[考试总结]noip模拟54
因为昨天晚上上了一个厕所,所以被叫到年级部与体育老师理论,然后要停我的课。
\[toilet==class?!!!
\]
然后今天还好被教练英勇救出,不然就要被体育老师。。。。
选择
一个小小的状压。
首先,每个子树内,最多有一条路径往子树上面延伸,所以我们记录一个 \(link_{i,j}\) 表示同一个父亲 \(x\) 的儿子们是否可以作出贡献。
假设当前在结点 \(x\),那么现在 \(x\) 子树的答案就是所有儿子的答案加上子树 \(x\) 内跨过 \(x\) 的路径的答案。
然后就用状压来处理这个最大匹配问题
然后就没了。
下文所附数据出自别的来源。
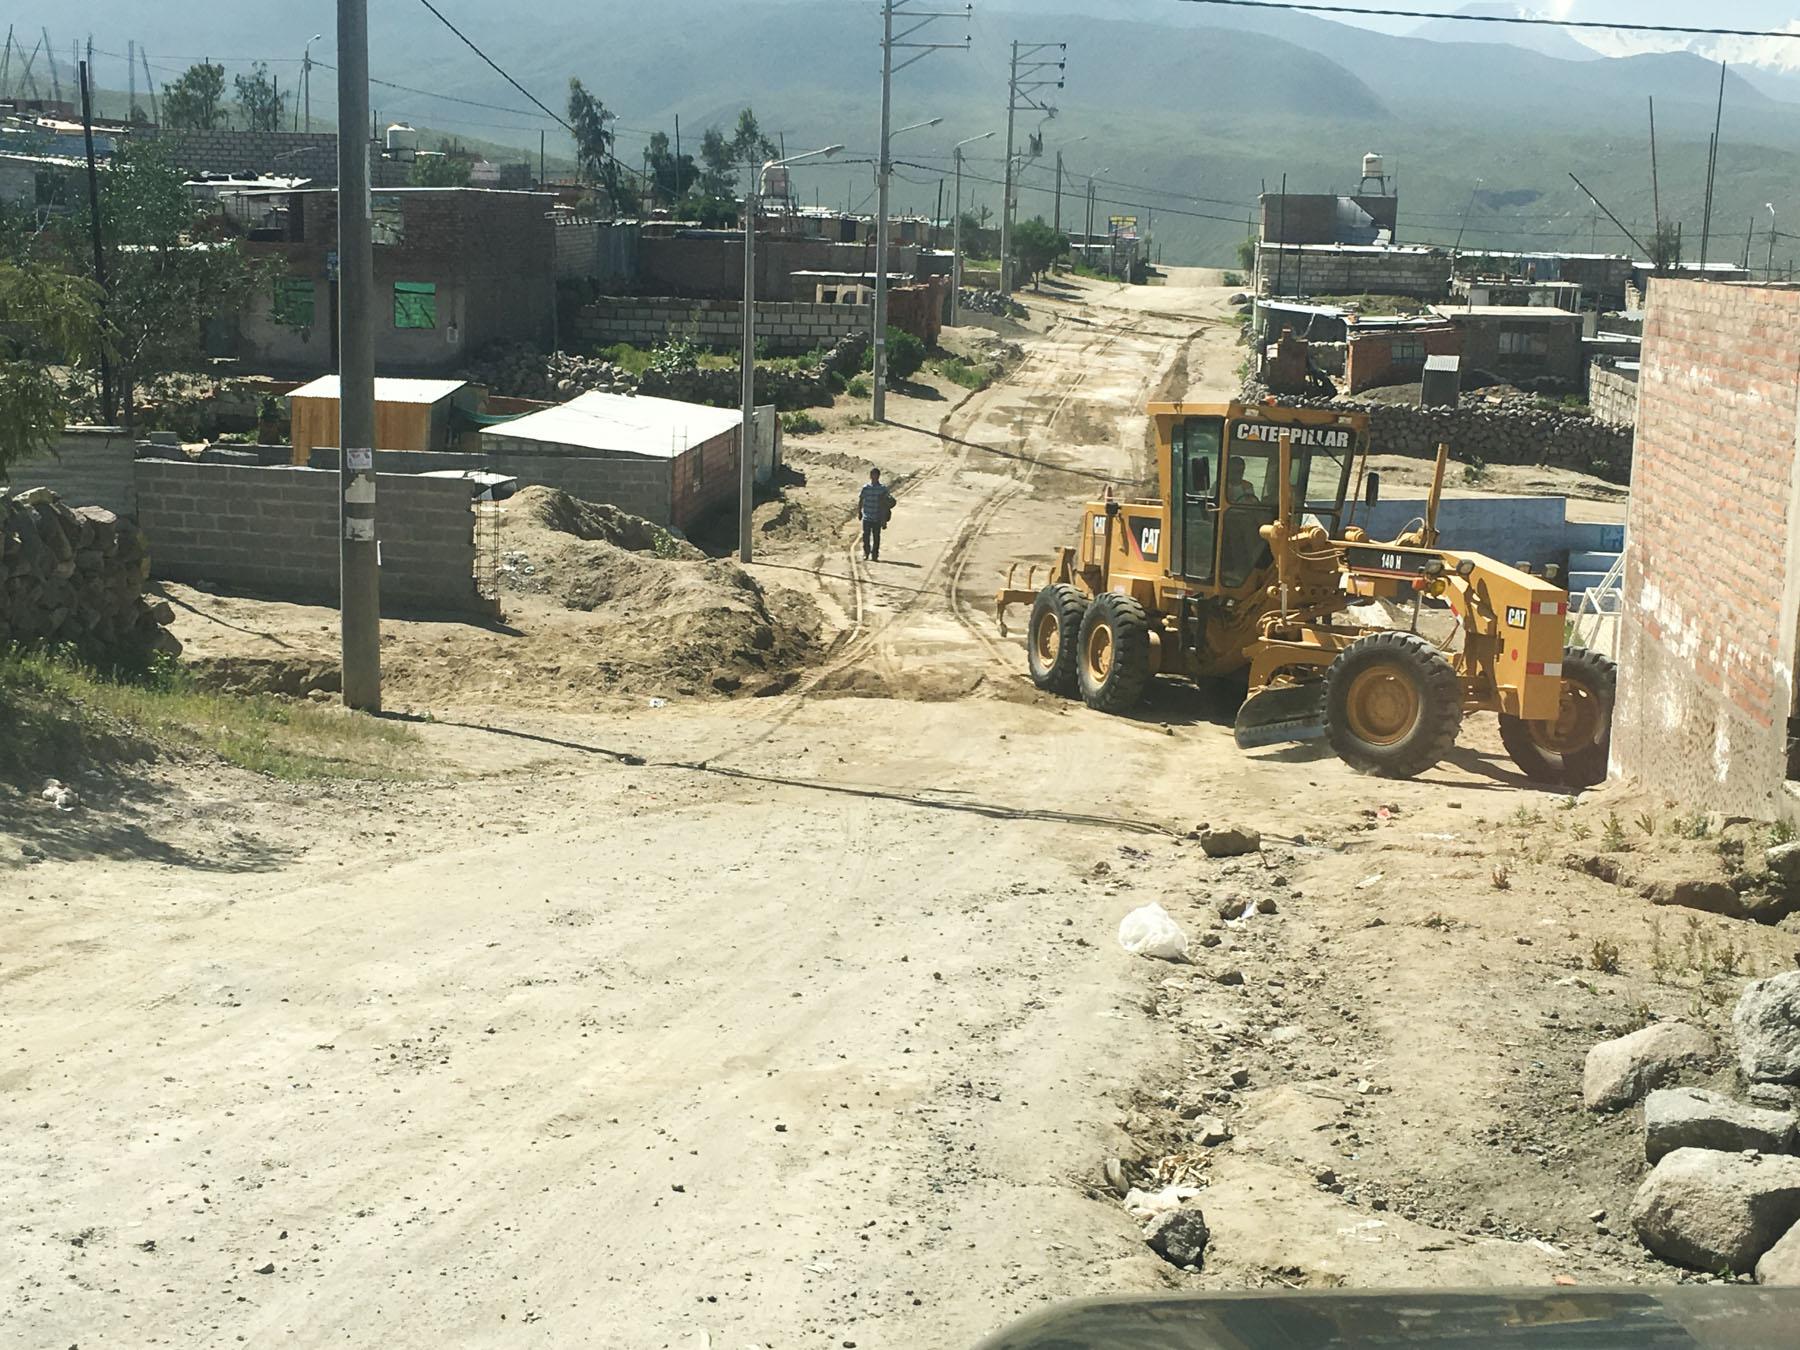 Rebuilding the roads

。
%: pragma GCC optimize("Ofast,O3,inline")
#include<bits/stdc++.h>
using std::cout; using std::endl;
#define try(i,a,b) for(register signed i=a;i<=b;++i)
#define throw(i,a,b) for(register signed i=a;i>=b;--i)
#define go(i,x) for(register signed i=head[x],y=edge[i].ver;i;i=edge[i].next,y=edge[i].ver)
namespace xin_io
{
#define file(a) FILE *FI = freopen(#a".in","r",stdin); FI = freopen(#a".out","w",stdout)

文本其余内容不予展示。